The Little Friend
By Donna Tartt
Published by Bloomsbury
Donna Tartt is a remarkable writer at each end of the spectrum - darkly Gothic and sharply comic.
Published by Bloomsbury
Reviewed by Peter Porter
Readers of American fiction know that there are a myriad different worlds, many of them grotesque and impoverished, behind the imageof the Super Power which bestrides our television screens. The rest of the world is indebted to American writers for their admirably fearless portrayal of life far from Friends, Frasier and Hollywood's variegated menu of Shock and Awe. Out there, hardly concerned with NASDAQ and The New American Order, are the Rust belt, New Yorl Psychodrama and, especially, the Deep South - social stratas which cry out Dislocation! Dislocation!
Donna Tartt's The Little Friend is a brilliant addition to Southern novel-making, a tradition going back two centuries and brought into recent focus by authors such as William Faulkner, Eudora Welty, Flannery O'Connor, Carson McCullers and Tennessee Williams. Against a backdrop of stately but decrepit ante-bellum survival, life is now lived in echoes of elswhere, of the modern America of enterprise and hope. Here, all is still faded glory of old homesteads, wrecked cotton mills, Baptist chapels and the remnants of White Supremacy, the air filled with magnolia and death.
Donna Tartt's story is centred on Alexandria, an old cotton town in Mississippi whose nearest metropolis is Nashville Tennessee.
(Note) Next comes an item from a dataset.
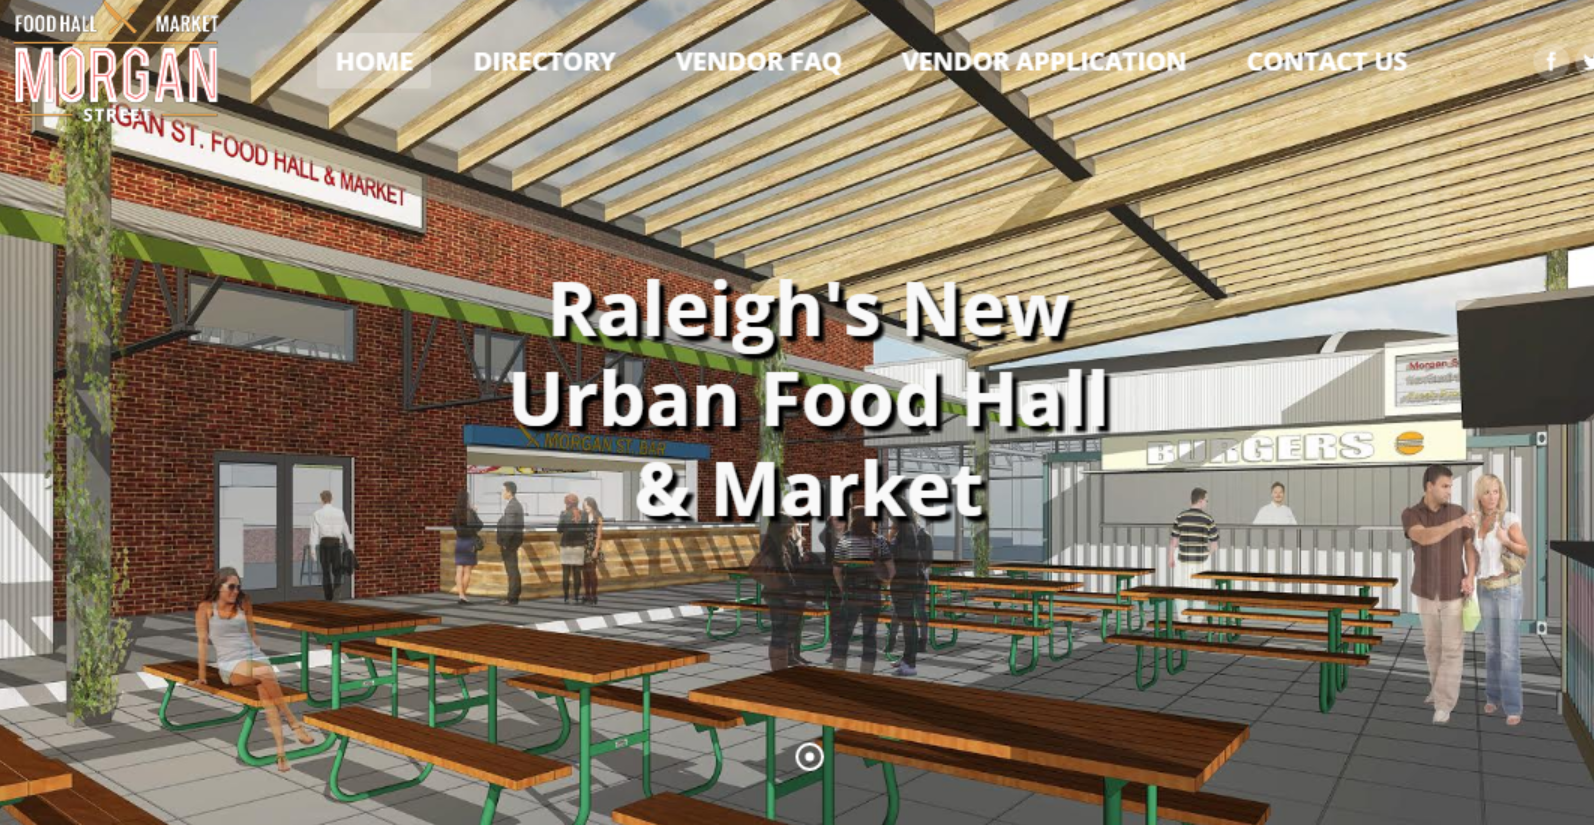 Morgan Street Food Hall and Market

Two families, who would naturally have little to do with each other, are brought into tragic collision. This is an extravagantly plotted novel of near-Dickensian reliance on coincidence and adjacence, but the plot is predominantly a wire on which to hang marvellously maintained tableaux of contemporary Southern life. The Cleves (married into the Dufresnes) are decayed gentry and the Ratliffs criminal White Trash. Pivot of the action is Harriet Cleve Dufresnes, pre-pubescent granddaughter of Edie, scion of an establishment judge and imperious last remnant of Southern decorum. Harriet's brother Robin has been mysteriously murdered, and it gradually dawns on Harriet that the killer is Danny Ratliff, a perpetually doped-up ex-schoolfellow of Robin's. For more than 500 pages, Harriet and her adoring ally, Hely Hull, an all-American cheerleader and trombonist in the School Band, contrive elaborate and farcical traps to destroy Danny. That all this conspiracy is ludicrous does nothing to lessen the neurotic tension pervading their childhood games.
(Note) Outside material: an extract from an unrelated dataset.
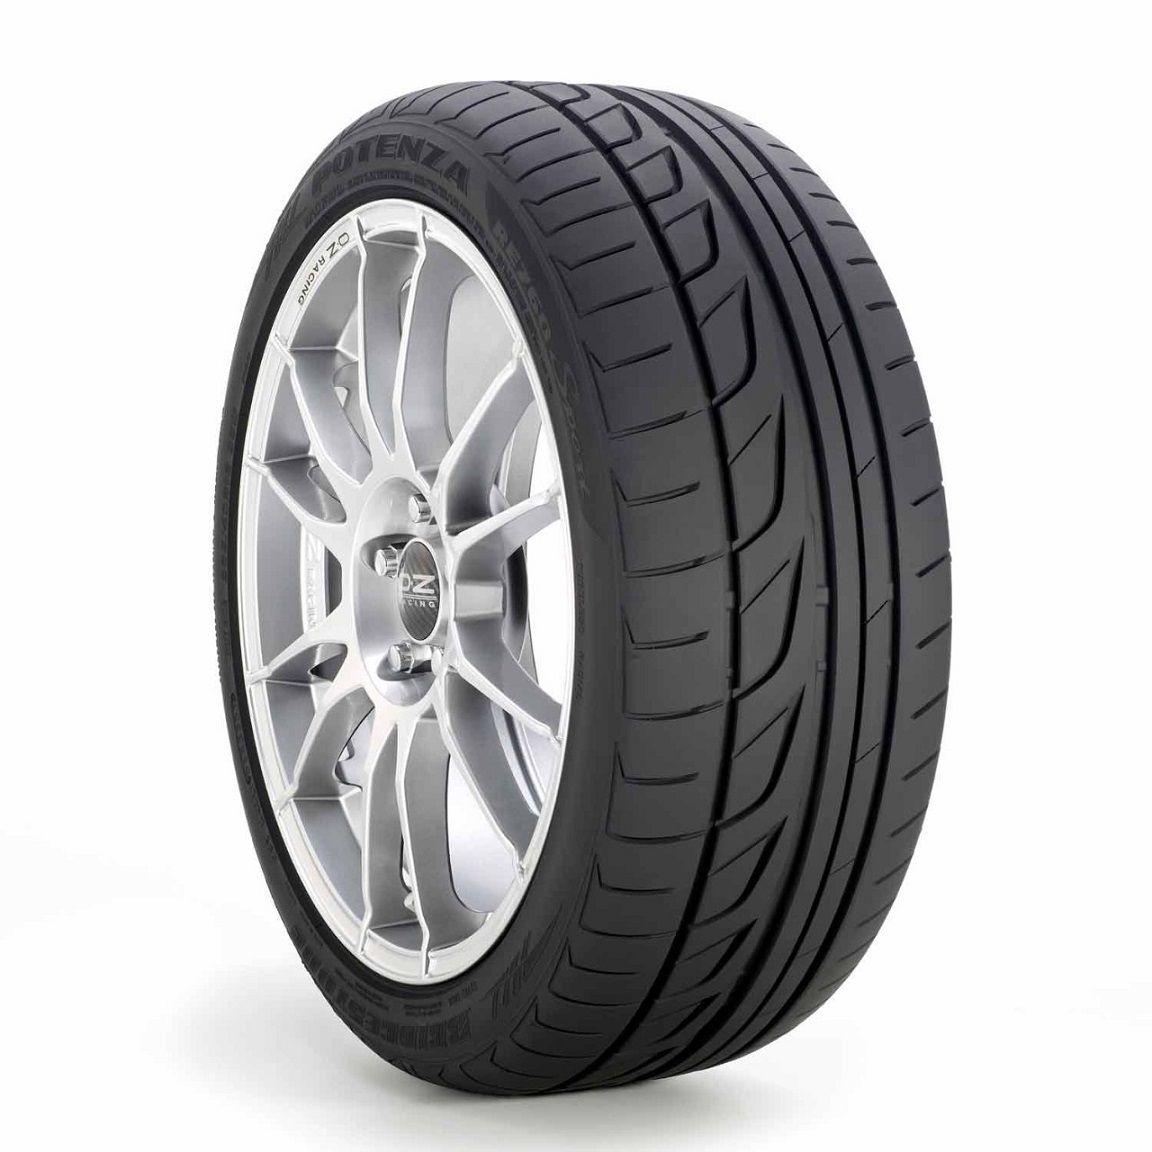 Pneu 215/45 R 17 - Potenza Re760 Sport 91w - Bridgestone

The Ratliffs are a serious gloss on comic weirdos such as TV's The Munsters. Gumm, immortal Granny, looks after surviving grandsons Farish, Danny, Eugene and Curtis, a retarded infant radiating inappropriate love. The rest of the family is dead or in gaol. Farish brews up drugs to sell; Danny, ever in search of 'a bump', drives him about. Eugene is a preacher, which enables Tartt to introduce hyperboles of invention describing the practice of testifying to the presence of God by handling poisonous snakes. Not for a moment do these extravagantly comic scenes detract from the horror underlying them.
Harriet's family lives under the auspices of the Baptist Church. Harriet is addicted to English heroes - Scott of the Antarctic, and Mowgli of The Jungle Book. She also idolises Harry Houdini, the escapologist, and trains hard at holding her breath underwater. This skill becomes important at the book's denouement which, it must be said, is not wholly convincing. Its melodrama unfortunately expels Tartt's prevailing irony. However, the character of Harriet is a tour-de-force of psychological personality-building. Over everything and everyone looms the worldly decay of Alexandria, whose turbid river runs through the action like a poisonous vein.
Donna Tartt is a remarkable writer at each end of the spectrum - darkly Gothic and sharply comic. Her description of a man drowning includes this passage: 'Accusatory, helpless, the eyes of a guillotined head held up before the mob … ' and of carpet baggers: 'Companionable Judases in Florschein shoes offering girlie magazines and nips of whiskey…' She has worked long and hard to create a world seemingly lit by hellfire. Her book holds the attention with as glittering an eye as The Ancient Mariner's. Reading it is truly a haunting experience.
Peter Porter is a full-time poet and attentive reader of novels and stories. Winner of the 2002 Queen's Gold Medal for Poetry and The Forward prize for Poetry the same year, his recent publications include Collected Poems, 1961 - 1999 (OUP 1999) and Max is Missing (Picador, 2001). He is also a literary journalist and broadcaster of Australian origin.